*** Opening of Data shown ***

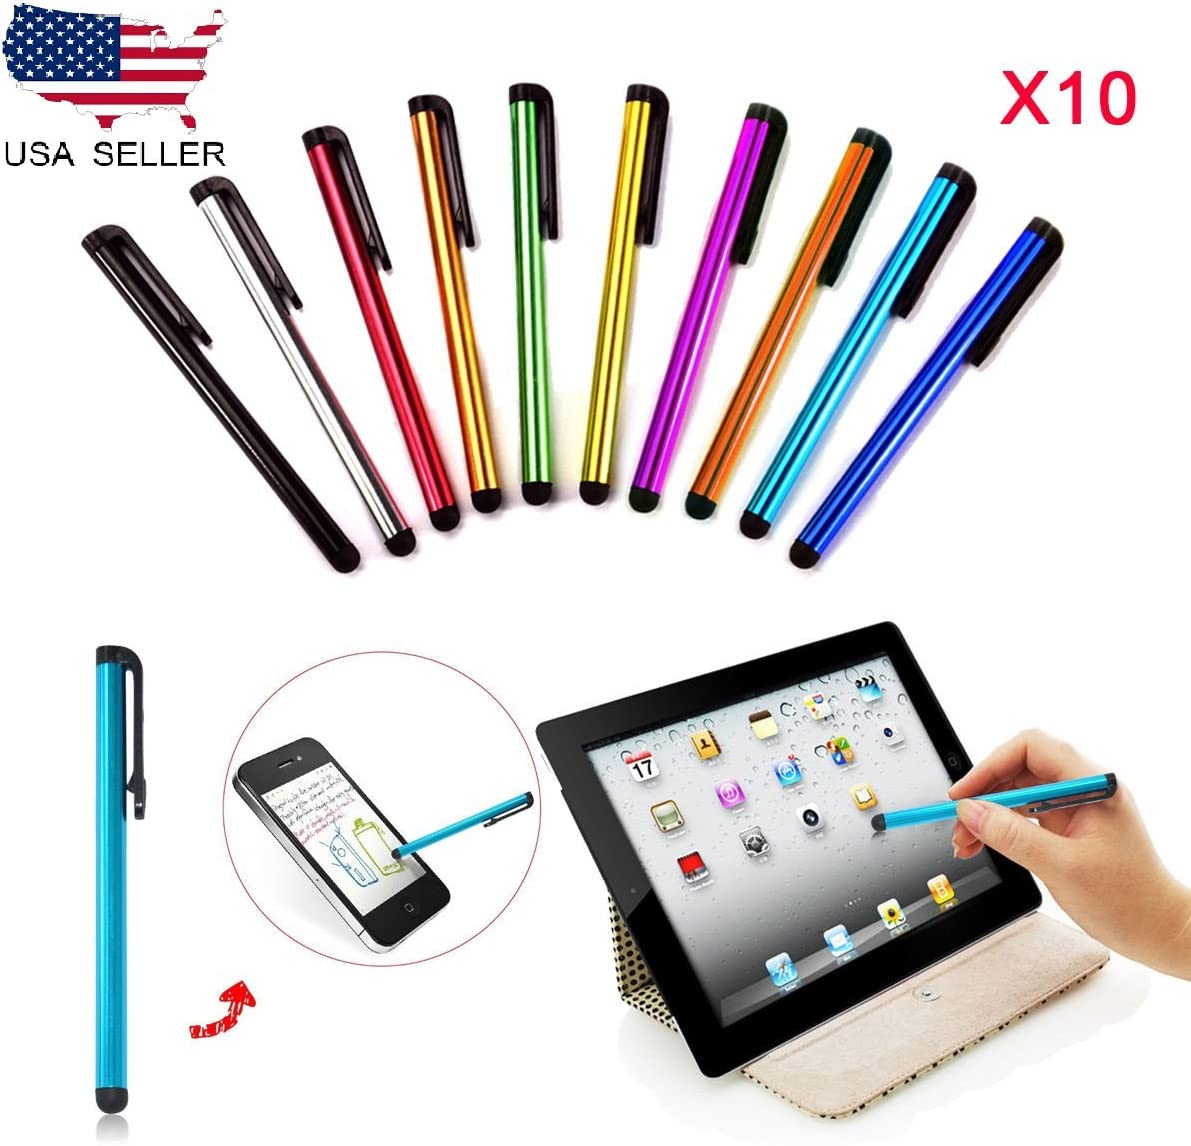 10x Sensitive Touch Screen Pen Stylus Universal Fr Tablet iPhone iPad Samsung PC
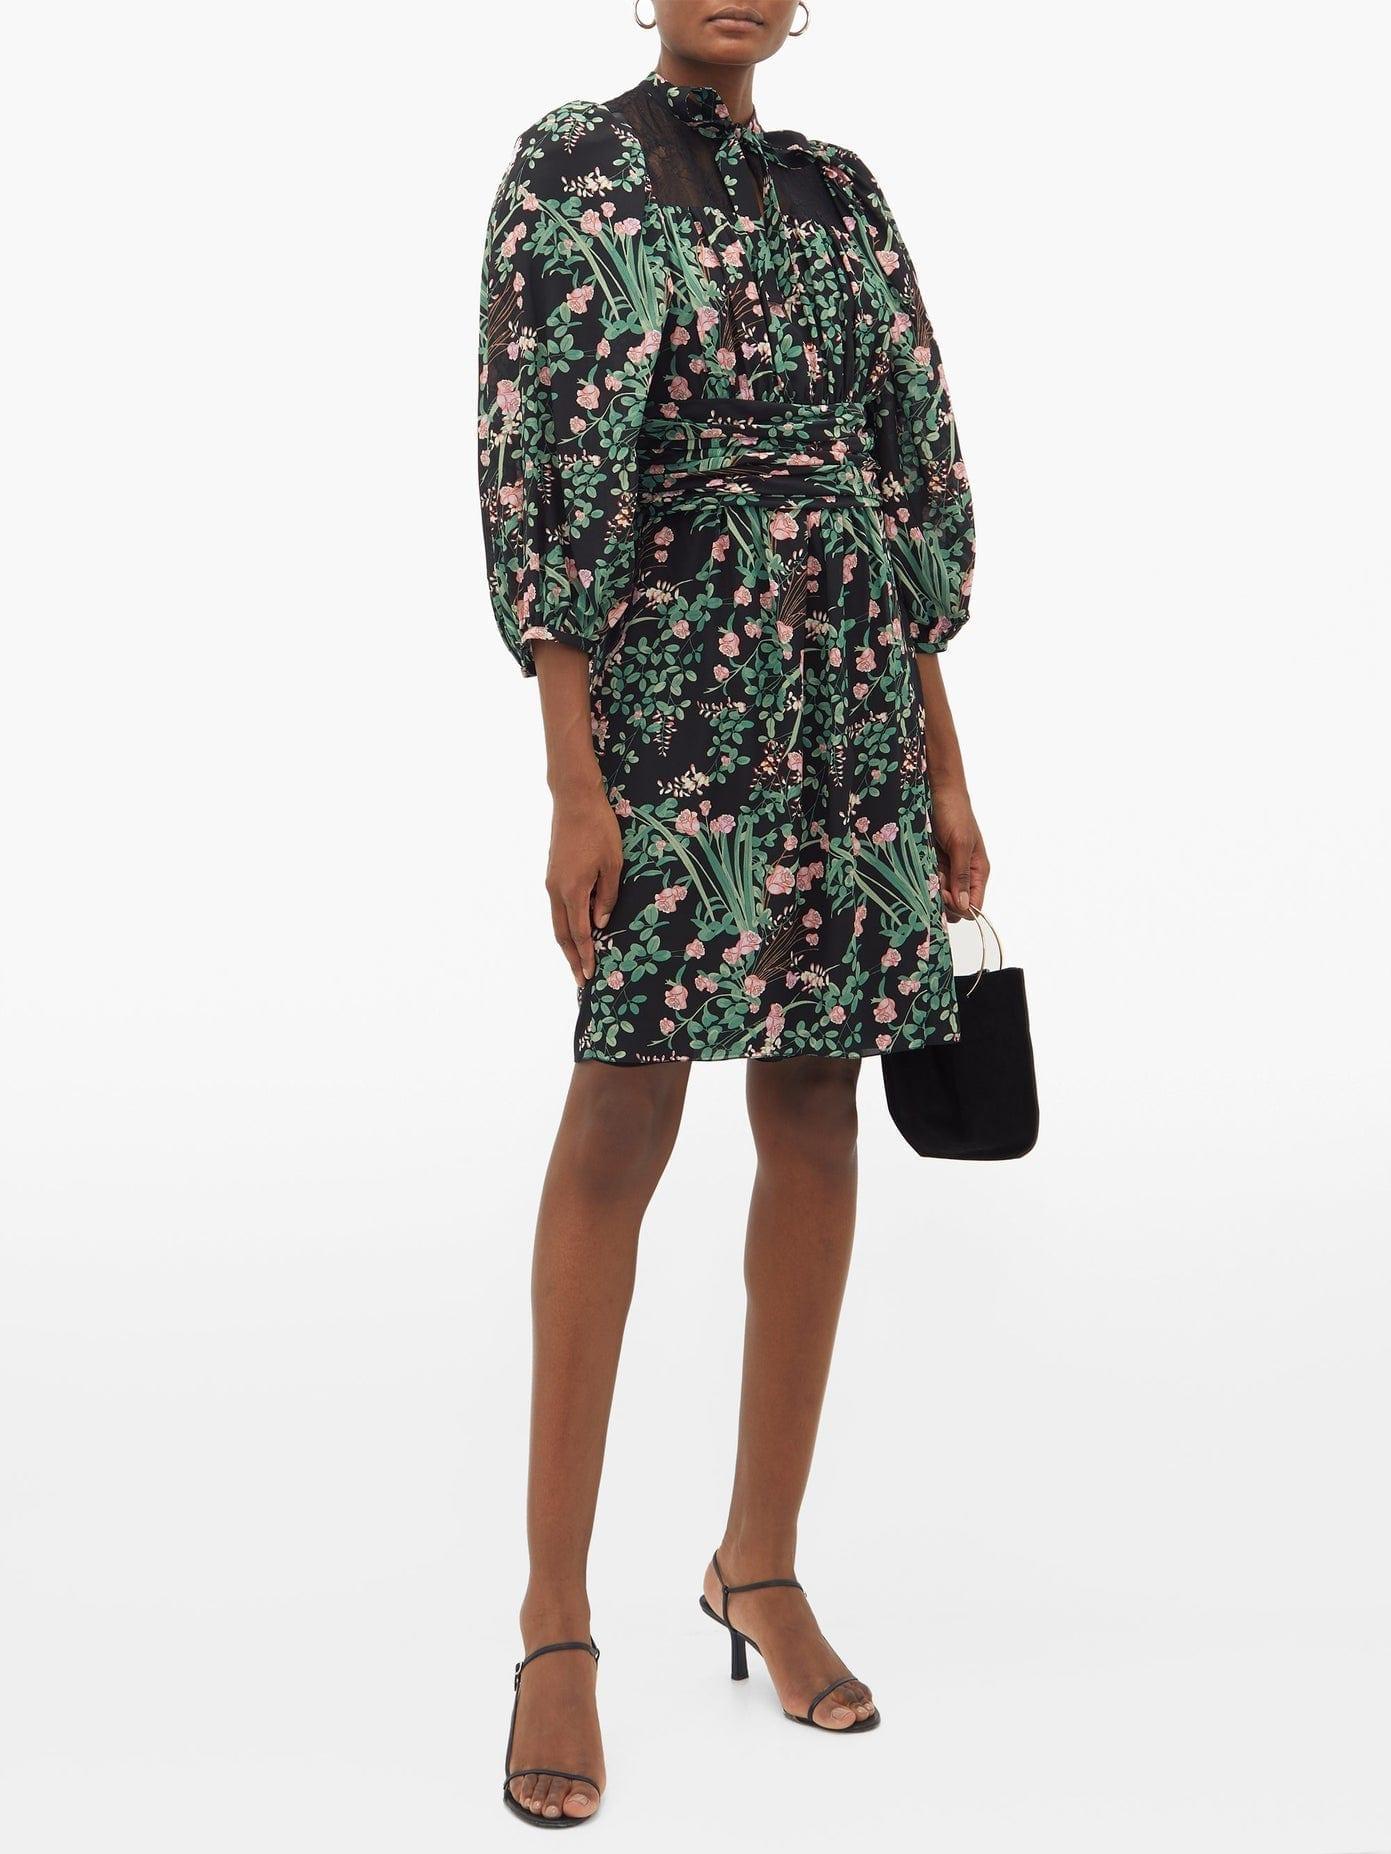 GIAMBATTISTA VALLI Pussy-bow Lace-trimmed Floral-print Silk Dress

*** Close of Data shown ***
*** Opening of Data shown ***

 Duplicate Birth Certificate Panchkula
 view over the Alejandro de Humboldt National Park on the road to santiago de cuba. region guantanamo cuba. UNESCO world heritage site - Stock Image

*** Close of Data shown ***

In the listing above, find the line containing "10x Sensitive Touch" and the line containing "GIAMBATTISTA VALLI Pussy-bow", then print exactly those two lines and every line between them, minus the pictures.

▸ Response below
 10x Sensitive Touch Screen Pen Stylus Universal Fr Tablet iPhone iPad Samsung PC
 GIAMBATTISTA VALLI Pussy-bow Lace-trimmed Floral-print Silk Dress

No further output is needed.